Task details | Omit every picture, then give all the entries again exactly.

Items from a dataset |
▼
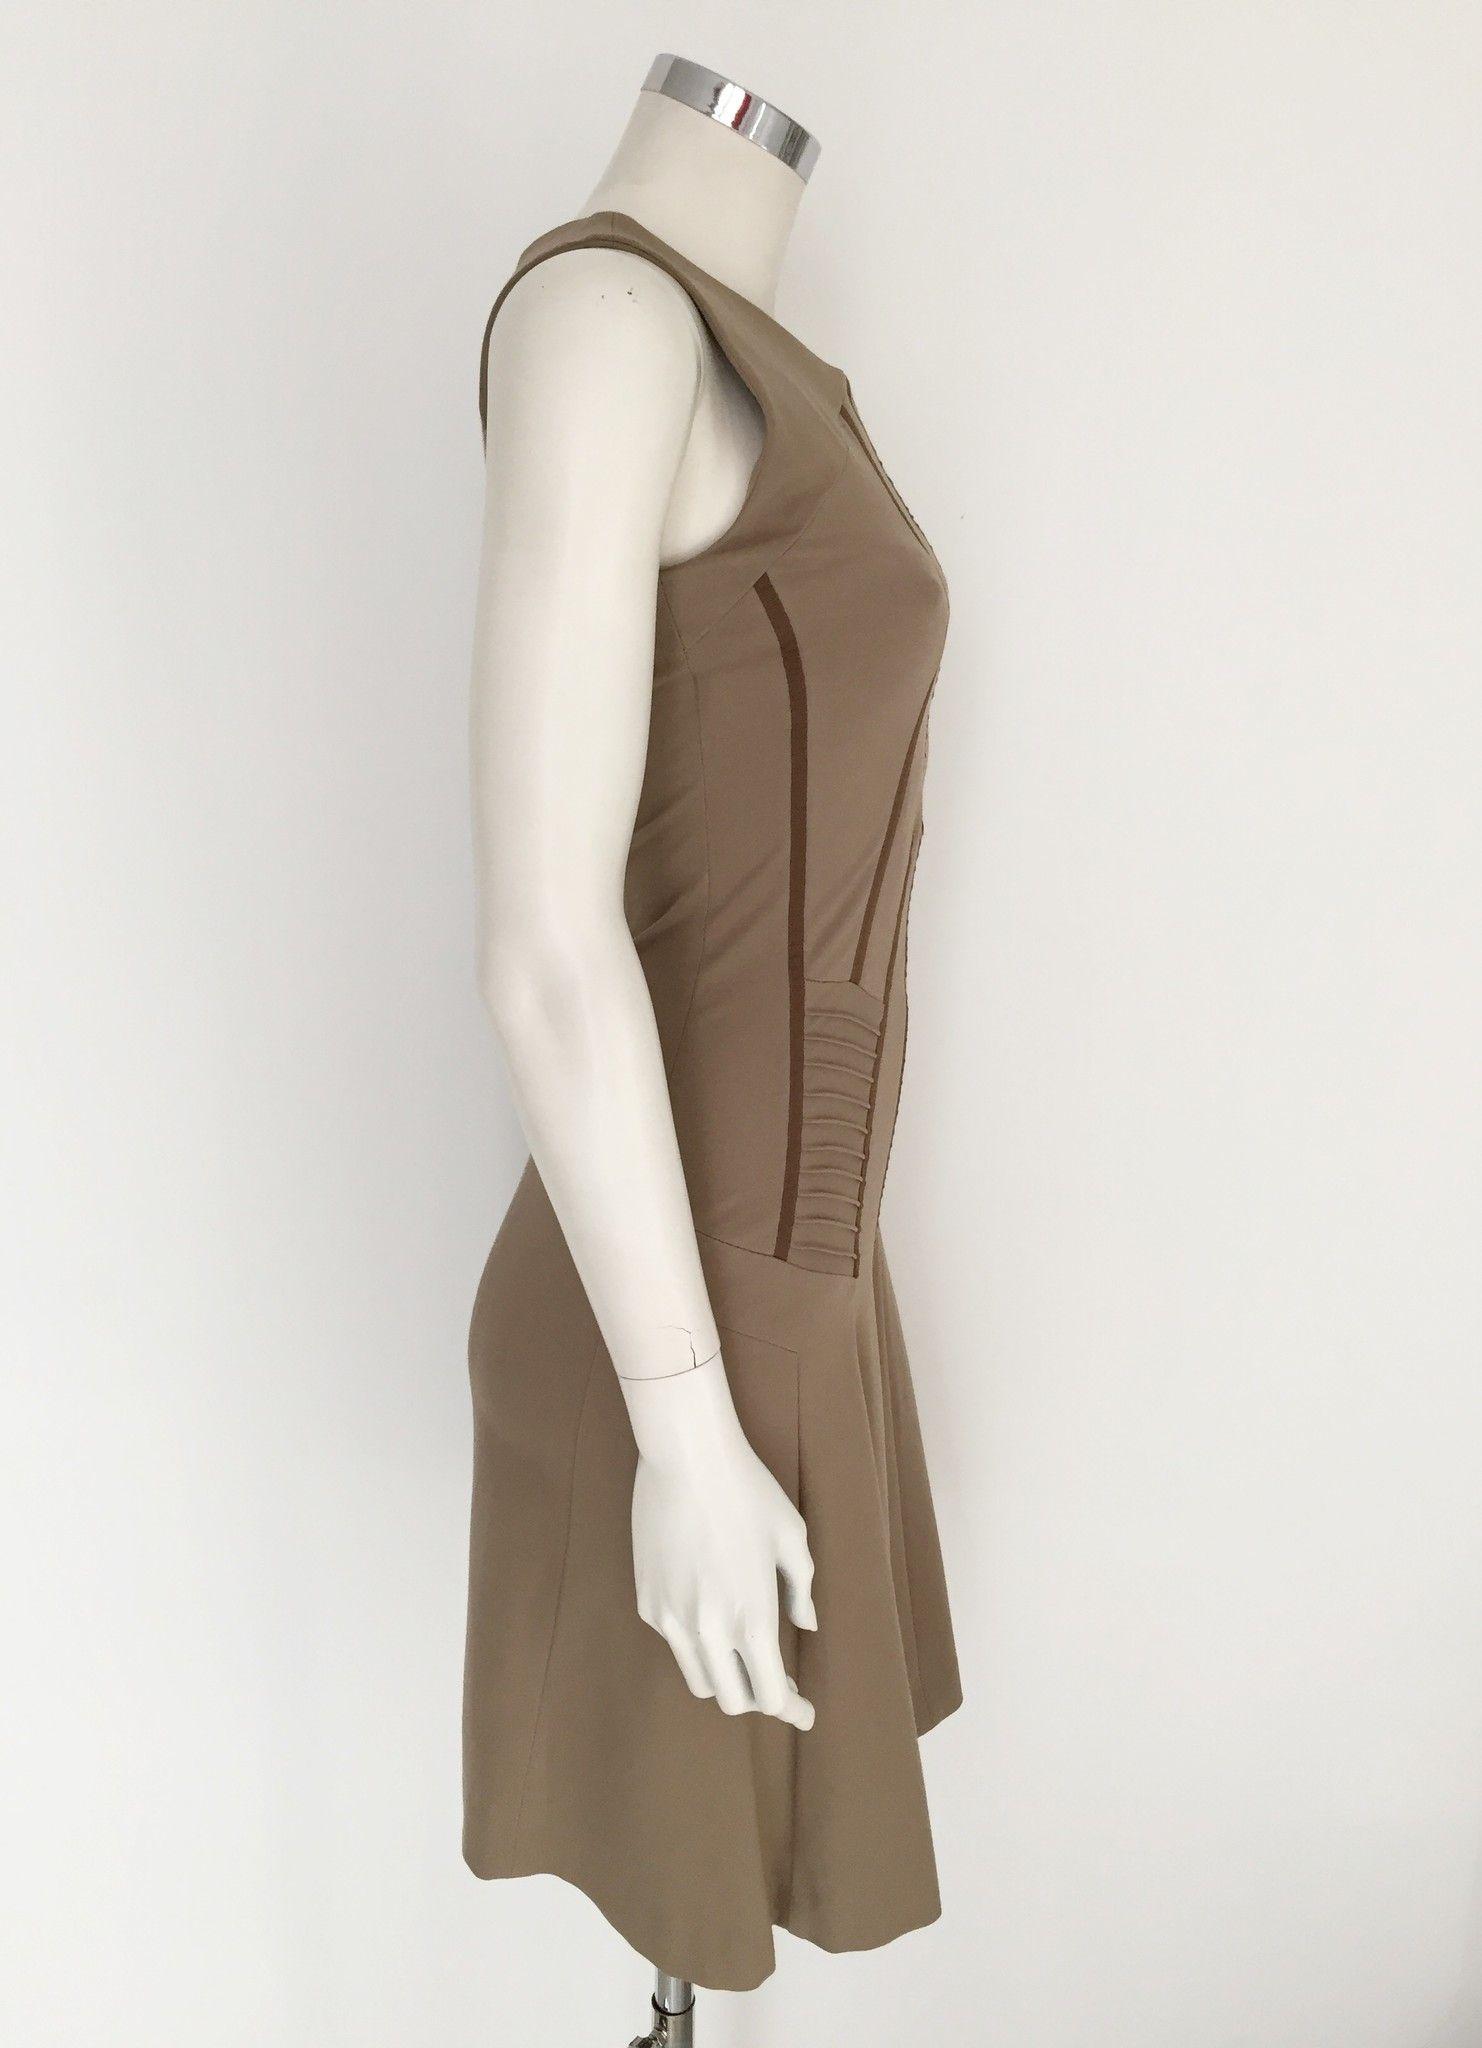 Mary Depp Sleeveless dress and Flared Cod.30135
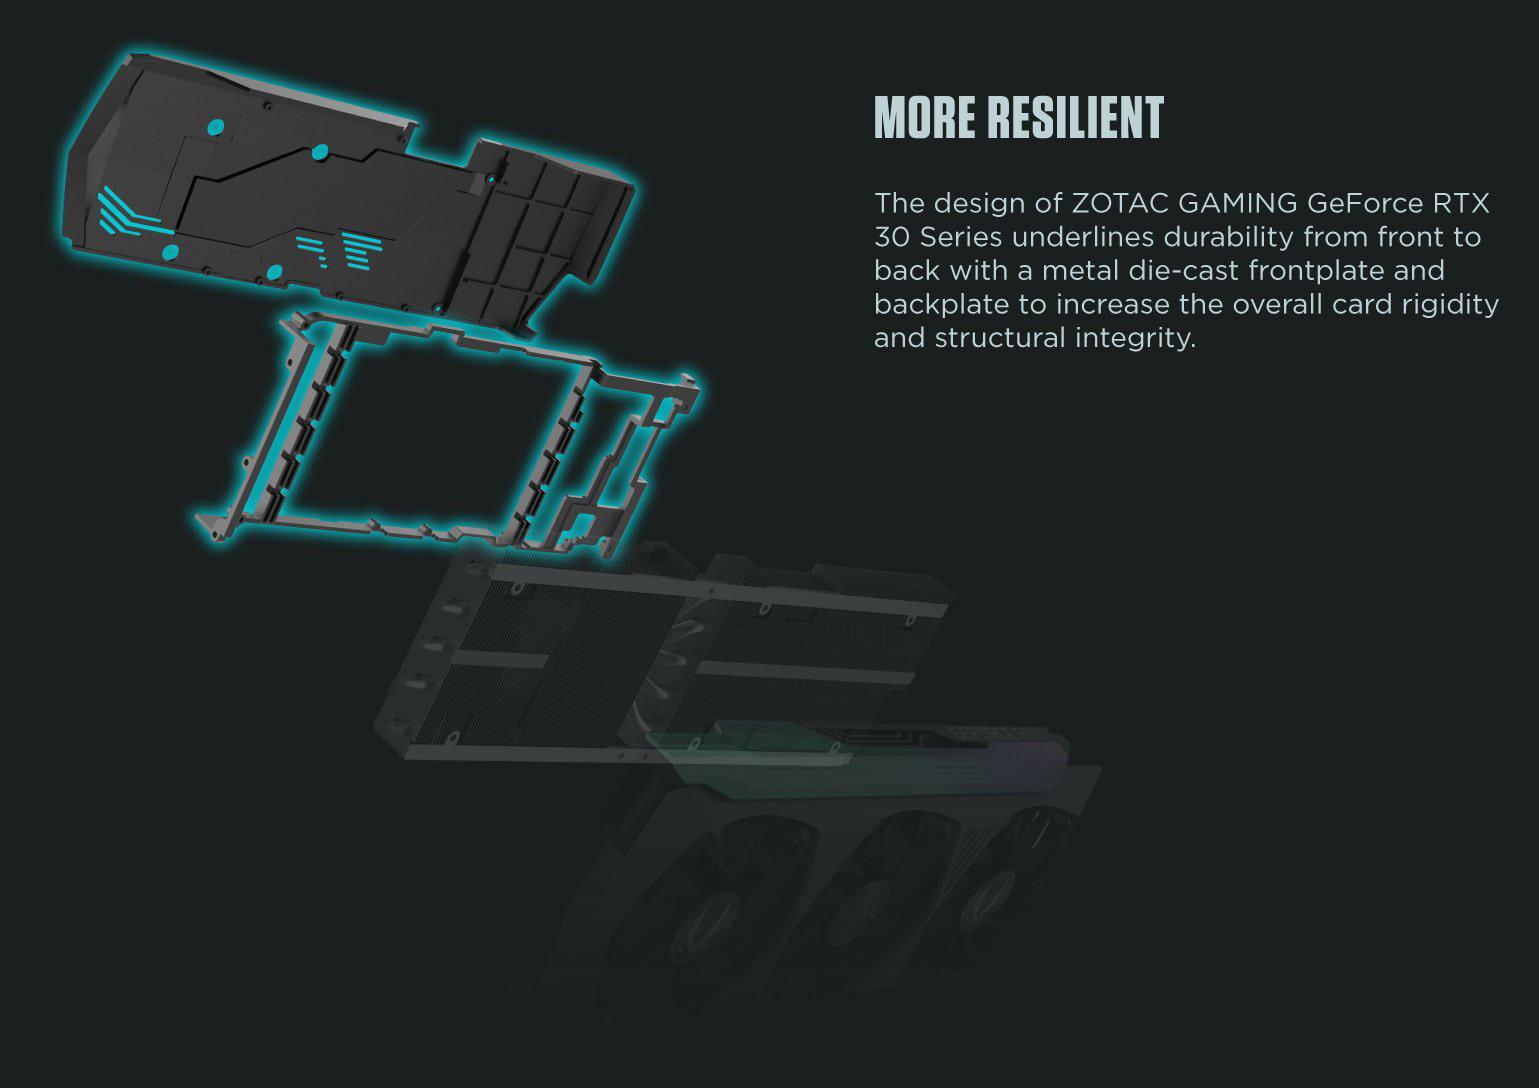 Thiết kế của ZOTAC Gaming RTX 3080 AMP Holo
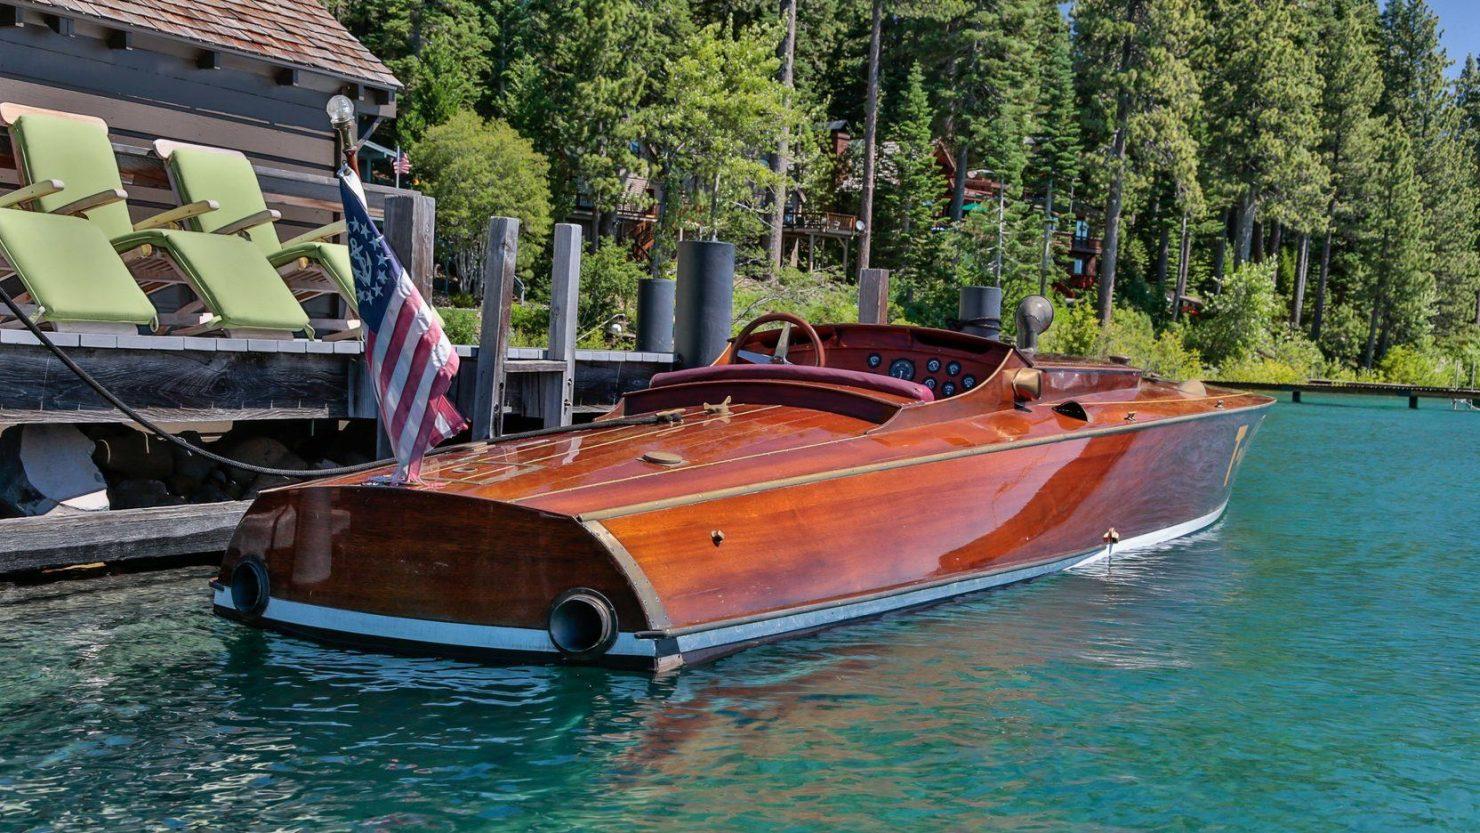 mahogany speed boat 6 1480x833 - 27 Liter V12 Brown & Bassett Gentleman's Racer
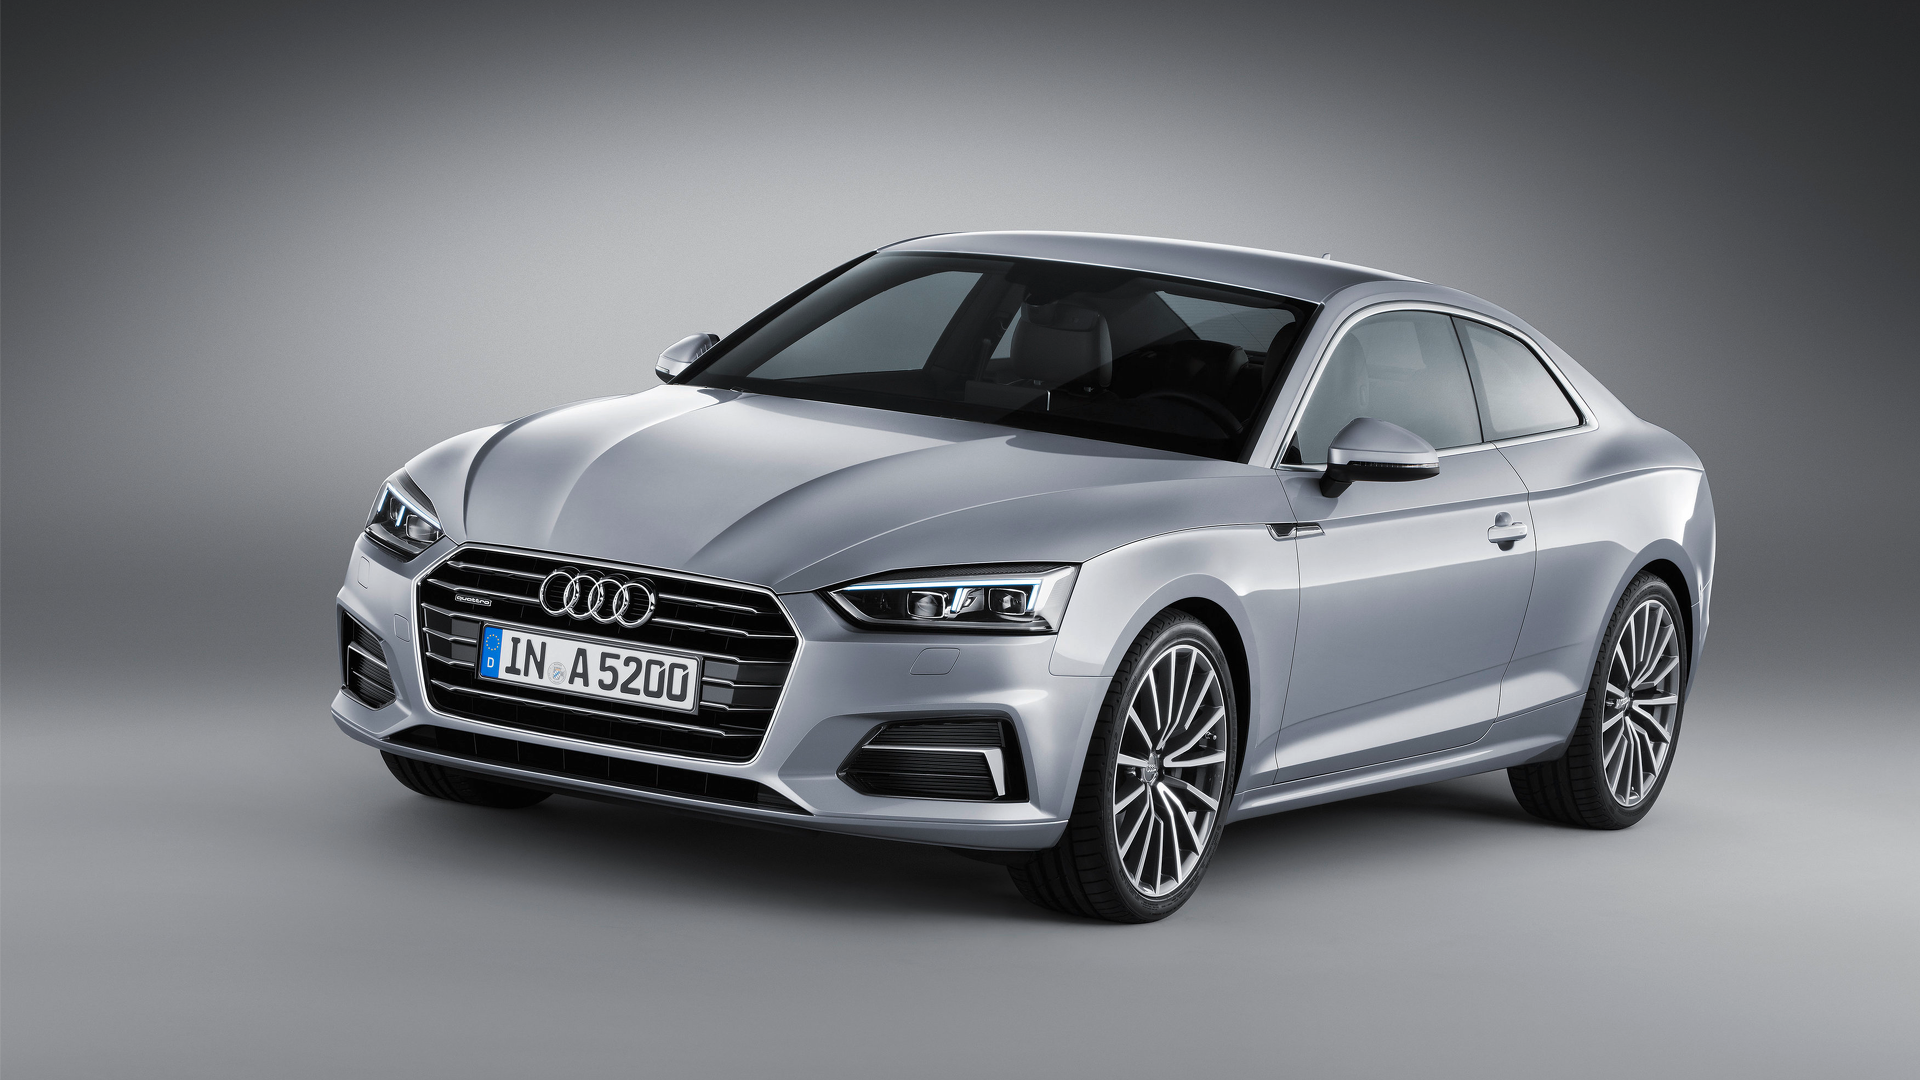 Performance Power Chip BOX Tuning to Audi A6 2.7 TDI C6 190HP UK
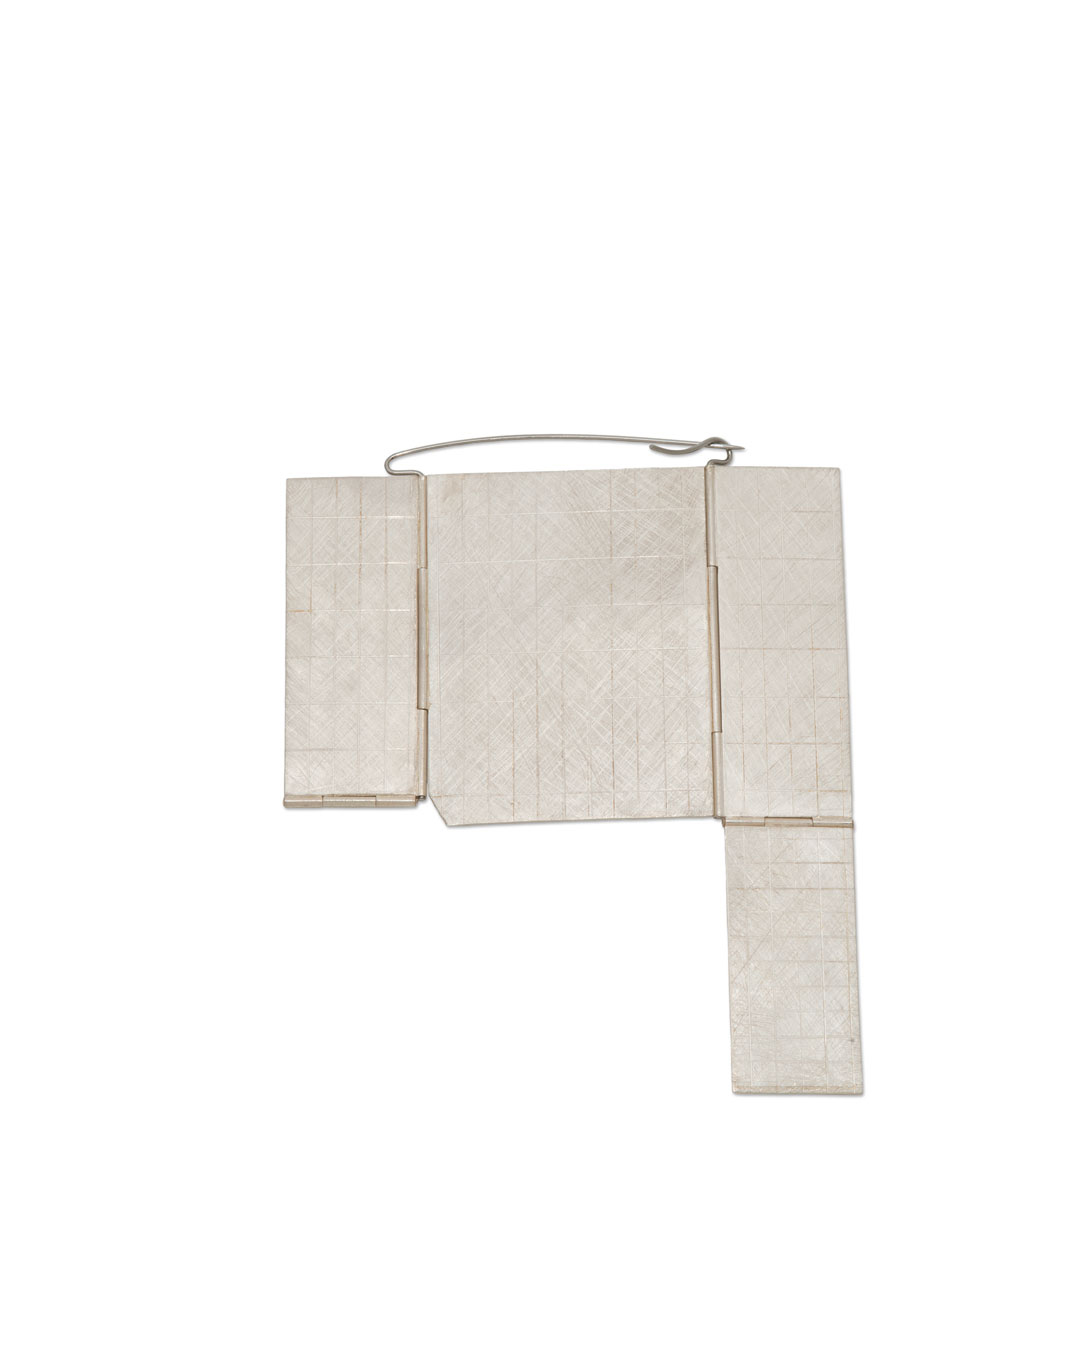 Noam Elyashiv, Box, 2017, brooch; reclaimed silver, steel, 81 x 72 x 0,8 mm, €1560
▲
Solution below |
 Mary Depp Sleeveless dress and Flared Cod.30135
 Thiết kế của ZOTAC Gaming RTX 3080 AMP Holo
 mahogany speed boat 6 1480x833 - 27 Liter V12 Brown & Bassett Gentleman's Racer
 Performance Power Chip BOX Tuning to Audi A6 2.7 TDI C6 190HP UK
 Noam Elyashiv, Box, 2017, brooch; reclaimed silver, steel, 81 x 72 x 0,8 mm, €1560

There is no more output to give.